The Fletcher Street Riding Club is a 501(c)(3) non-profit organization devoted to inner-city horsemanship in north Philadelphia.

Part of a century-long tradition of black cowboys and horsemanship in Philadelphia, local horsemen maintain and care for horses and teach neighborhood youth to do so. They encourage academic excellence and provide positive ways for local youth to spend their leisure time outdoors.

The horses used in the program were initially purchased at a livestock auction in New Holland, Pennsylvania, giving a second chance to animals that would likely otherwise have been killed.

The Fletcher Street club stables are in the Strawberry Mansion neighborhood of north Philadelphia, on the edge of Fairmount Park. Informal stables exist throughout North and West Philadelphia and in Cobbs Creek Park, on private and abandoned city land.  The horses are ridden throughout the city's streets and parks, and regular races are held on an open strip of Fairmount Park called the Speedway. Experienced horsemen and youth in the area care for the horses, and the Fletcher Street club horses receive additional care from a prominent area veterinarian. In 2017, it changed its location to  

The nonprofit organization has struggled to find funding and secure and maintain their place of operations. In April 2021, following the release of the Netflix movie based on them, Ellis Ferrell and the Fletcher Street Riding Club launched a fundraiser, so that support could flow into the real-life programs that Ferrell, his family, and the group's friends have largely self-funded for decades, despite external pressure, direct city government interference, and acquisition of their longtime property for housing construction.

The experienced horsemen often ride these horses past the recreational field on 15th street known as 'The Oval'. It is here that the horses catch the attention of many Temple University Diamond Band members.

History
The club has been around for over 100 years, but the current organization was founded in 2004 by Ellis Ferrell.
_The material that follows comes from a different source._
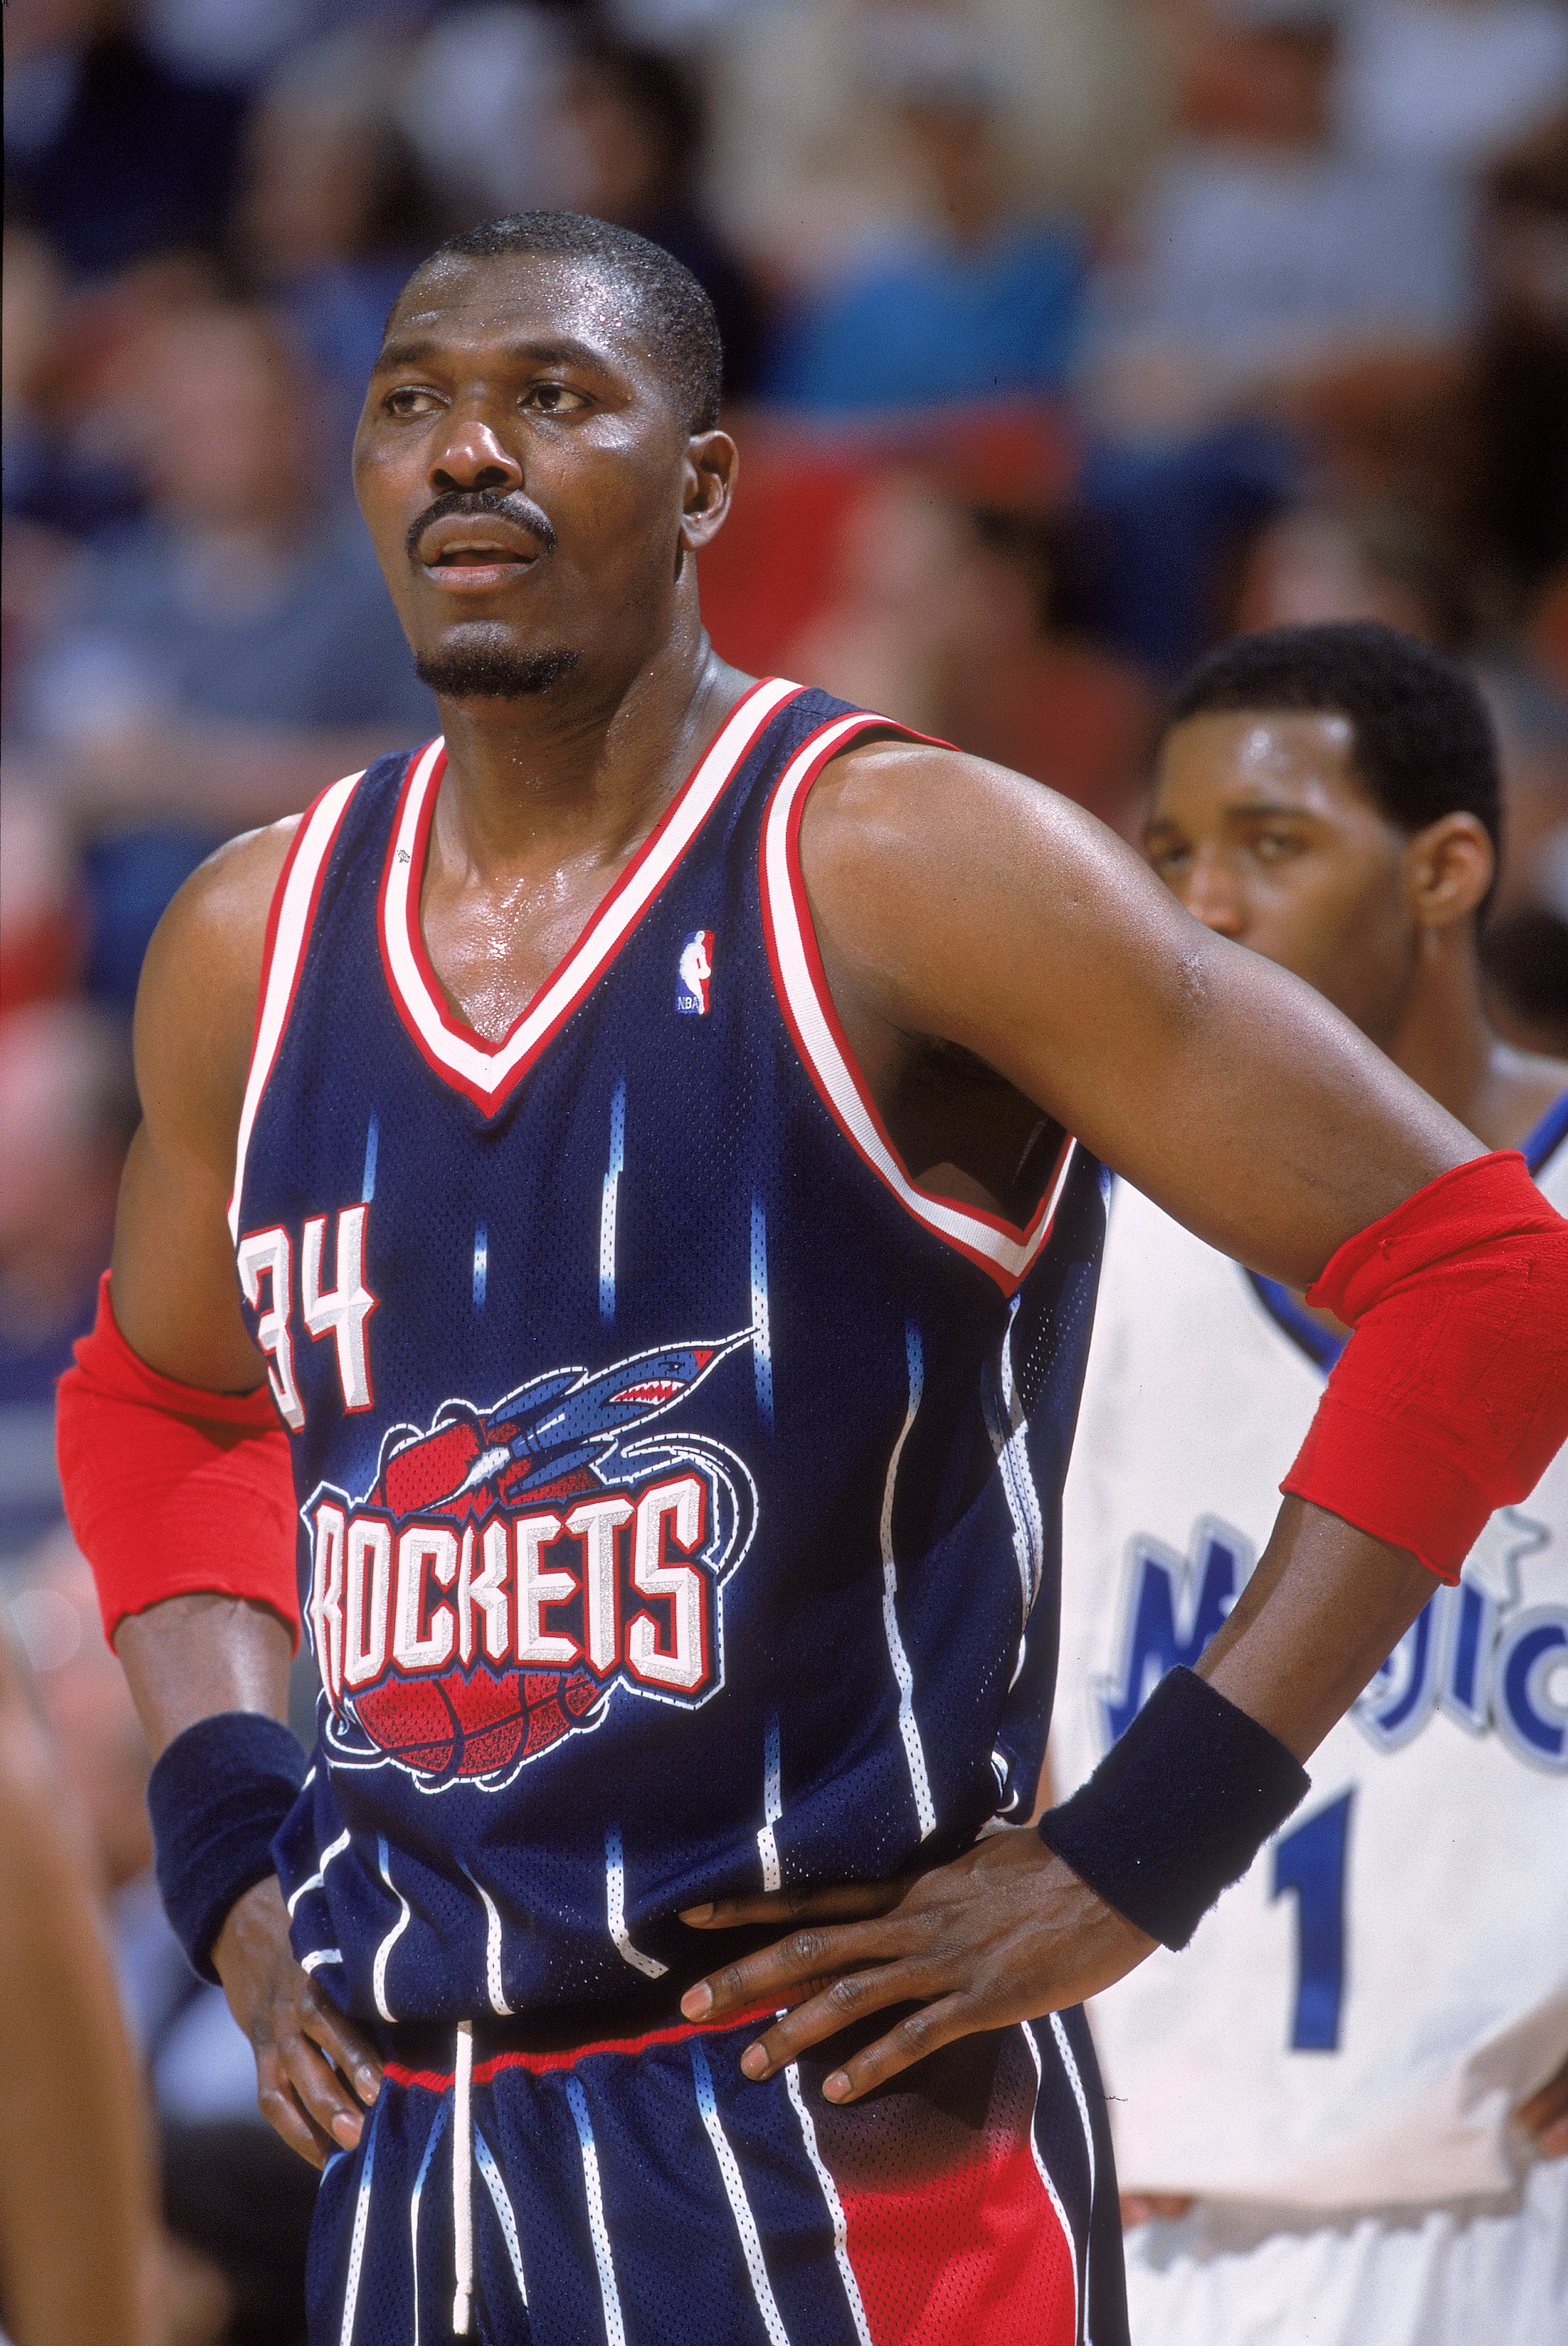 Hakeem Olajuwon Houston Rockets 1996-1997 White Authentic Jersey

In the late 2000s, the city government razed some of the stables and the club house, ostensibly to redevelop the land. At the time, the Society for the Prevention of Cruelty to Animals publicly investigated allegations by city officials that the horses were being mistreated. The allegations proved baseless. However, with the land razed and redevelopment progressing, many horses had to be moved. In the subsequent decade, a few dozen horses remained.

In 2009, the club planned to bring more formal mentoring and tutoring elements into its programs, although tight budgets made this difficult. On Halloween of that year, the program held a benefit event at the First District Plaza in Philadelphia, a collaboration between local fishermen (who also run a youth program), local churches, the urban cowboys themselves, and the local business association, Strawberry Mansion SMART Business Association.
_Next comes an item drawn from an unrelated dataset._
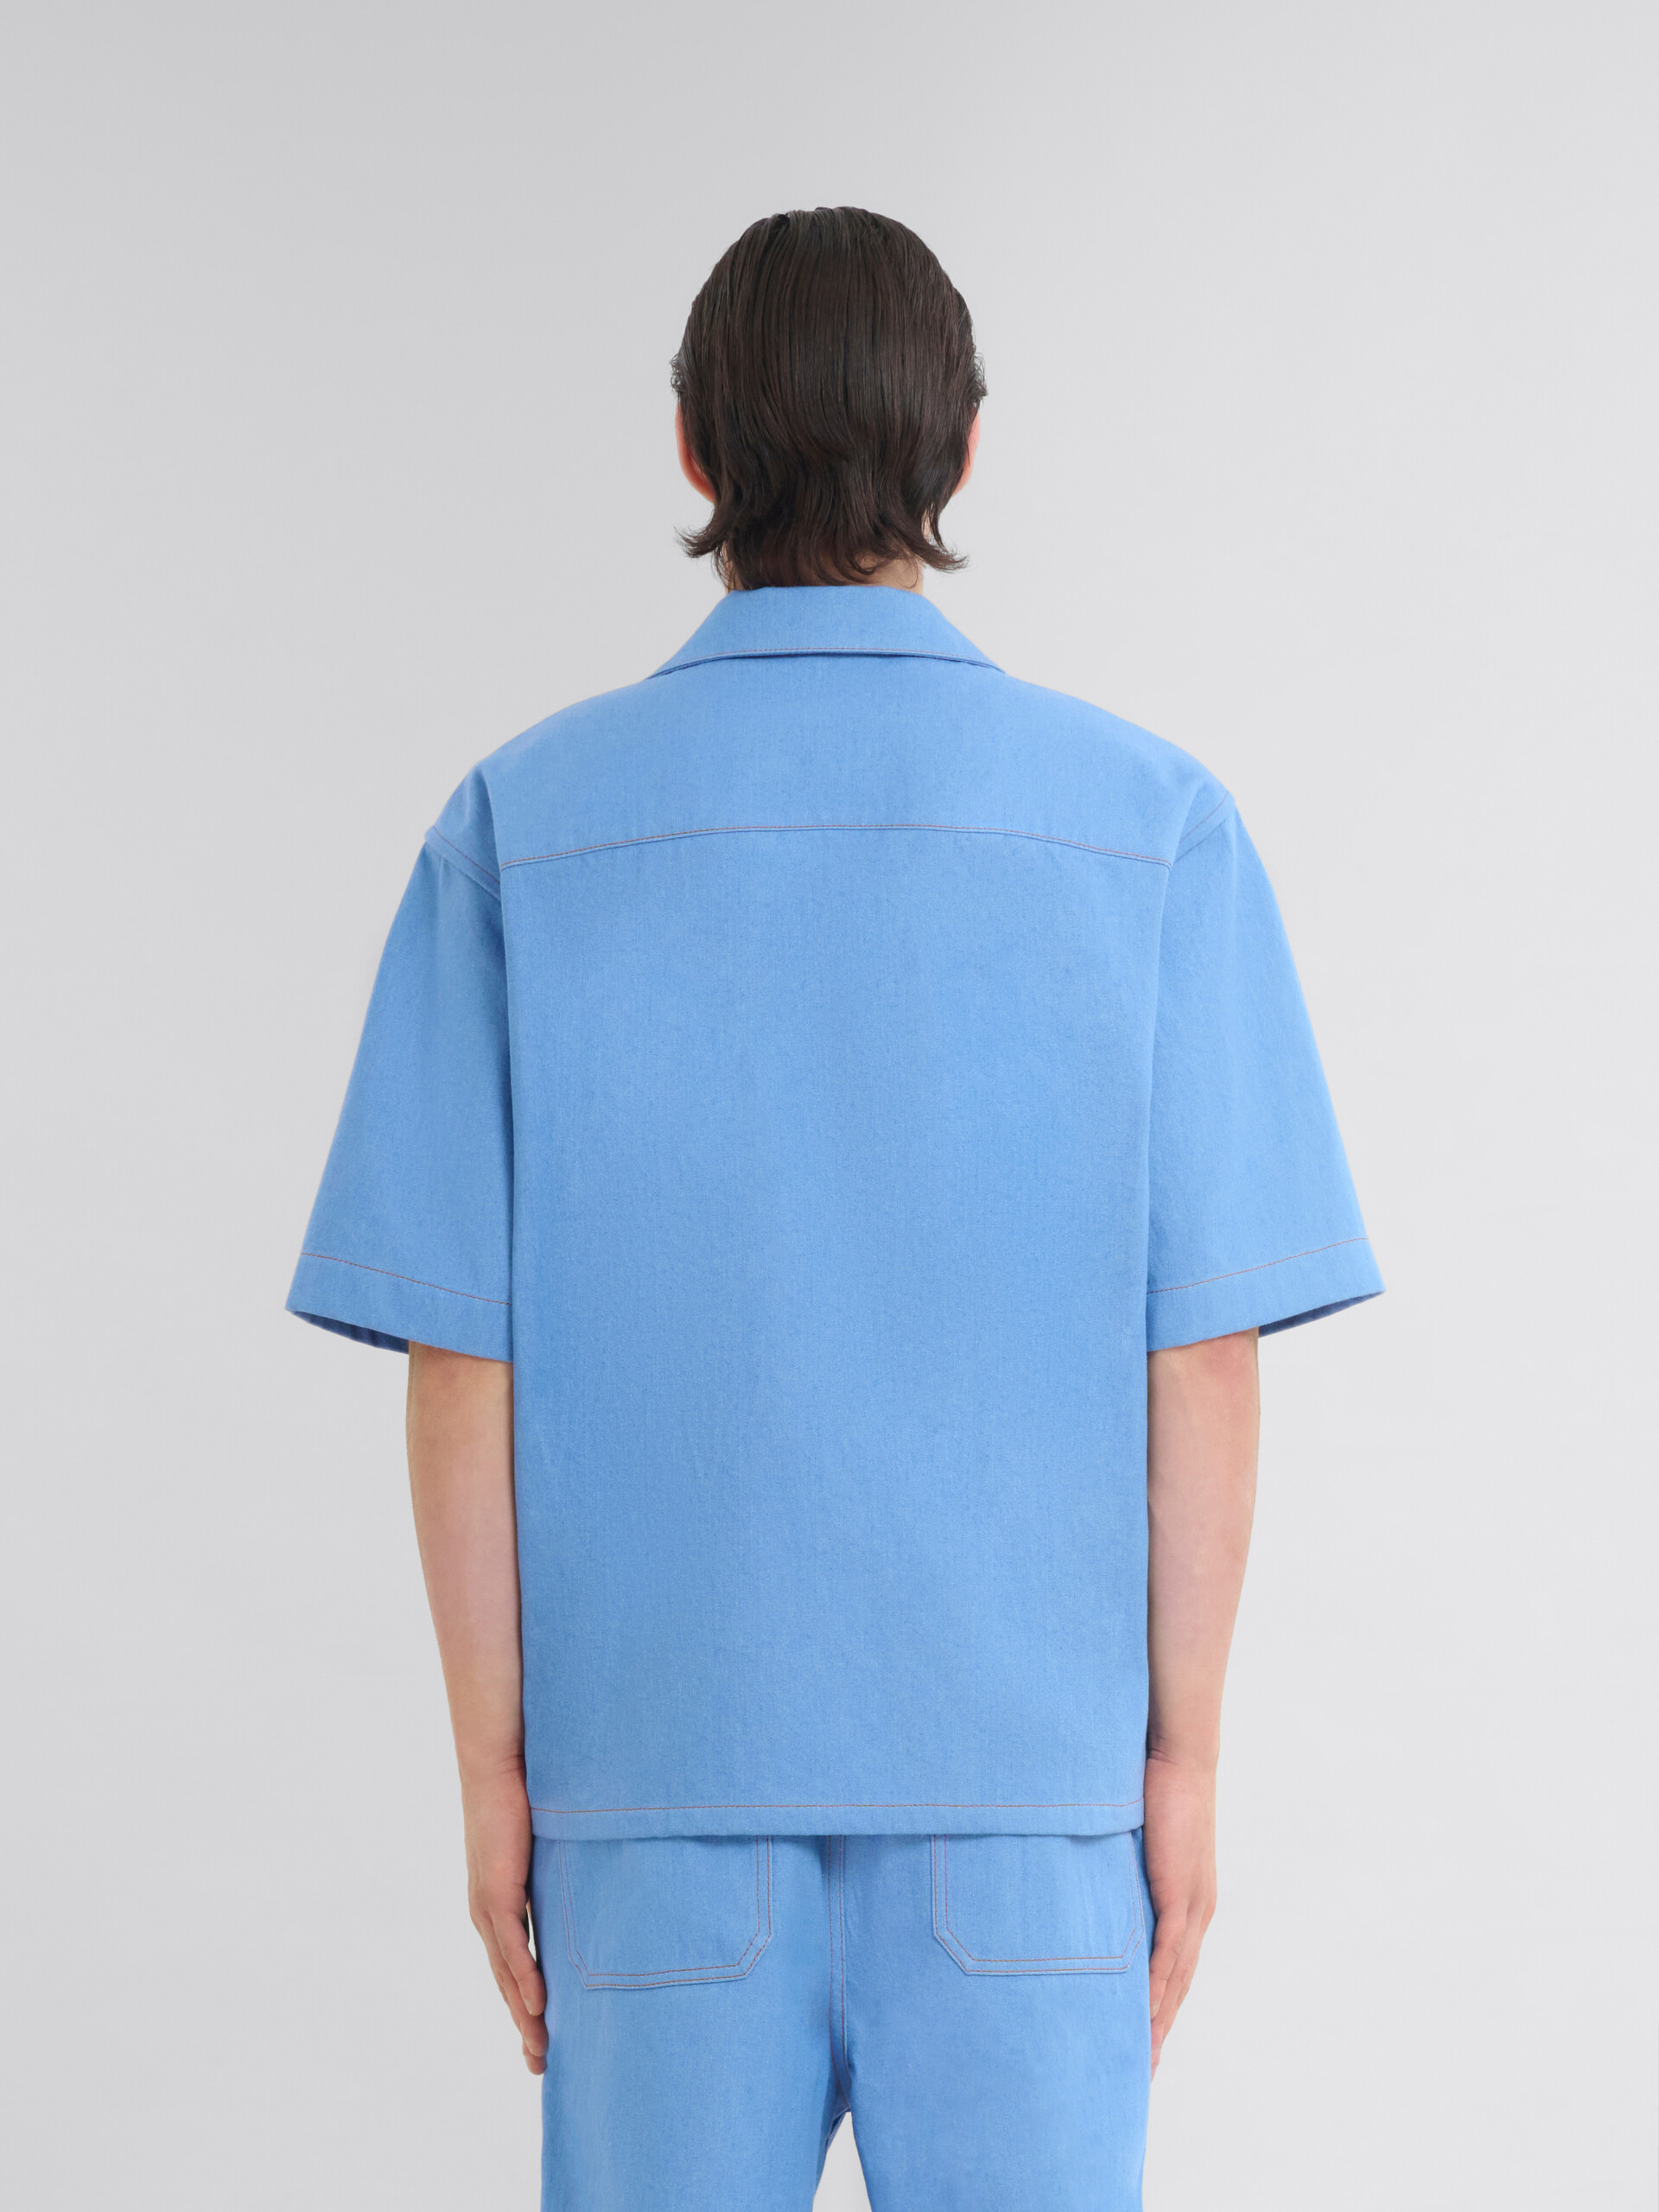 마르니 멘딩 로고 장식 블루 데님 볼링 셔츠 - 셔츠 - Image 3

For decades, the club has been led by Ellis Ferrill and supported by other local horsemen and community members. In previous years, the Fletcher Street Urban Riding Club was a registered nonprofit in Pennsylvania and Friends of Fletcher Street, a supporting organization, was under the fiscal sponsorship of MAP Holistic Community Development, a nonprofit 501(c)(3) organization.
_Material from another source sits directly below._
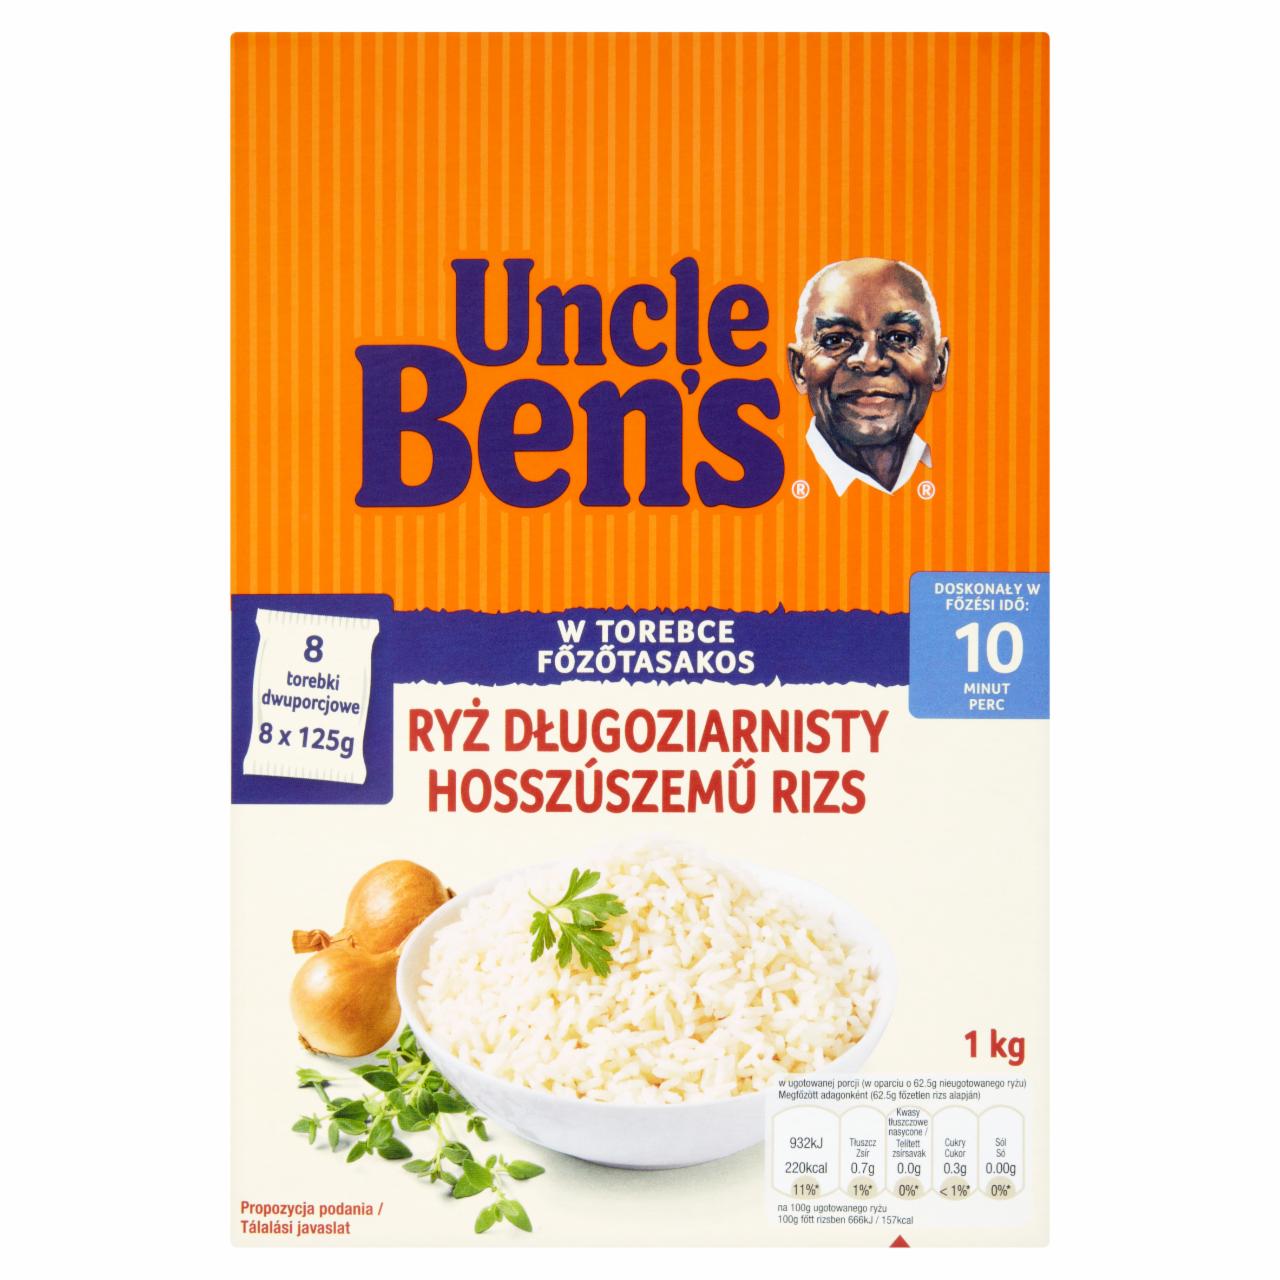 Képek - Uncle Ben's főzőtasakos hosszúszemű rizs 1 kg

Since 2015, the Club has been a recognized federal nonprofit organization with 501(c)(3) tax-exempt status, enabling it to accept tax-deductible donations, including its first title deed to a 7,500-square-foot piece of vacant land, and revive its fundraising efforts.
 The lot was donated to the organization by Good Bet Trading, a local real estate company owned by Philadelphia native Adam Ehrlich.

In 2019 the club moved onto newly acquired land. However, the long-dormant triangle of city land used for decades by the club is now threatened by the Philadelphia Housing Authority, which acquired the land for $1 and has broken ground on a housing project.

In popular culture

The Fletcher Street Urban Riding Club has been mentioned in NPR's This American Life (television version) and in regional equestrian magazines.  It has also attracted photographers and filmmakers, local and global, amateur and professional.  Martha Camarillo published a book of photographs, "Fletcher Street."

City residents, surprised to see horses passing through the city, regularly snap and post images on personal webpages.

G. Neri's 2011 young adult novel Ghetto Cowboy is based in Fletcher Street and urban horsemanship culture.

The novel was adapted into a film called Concrete Cowboy starring Idris Elba that debuted on Netflix on April 2, 2021.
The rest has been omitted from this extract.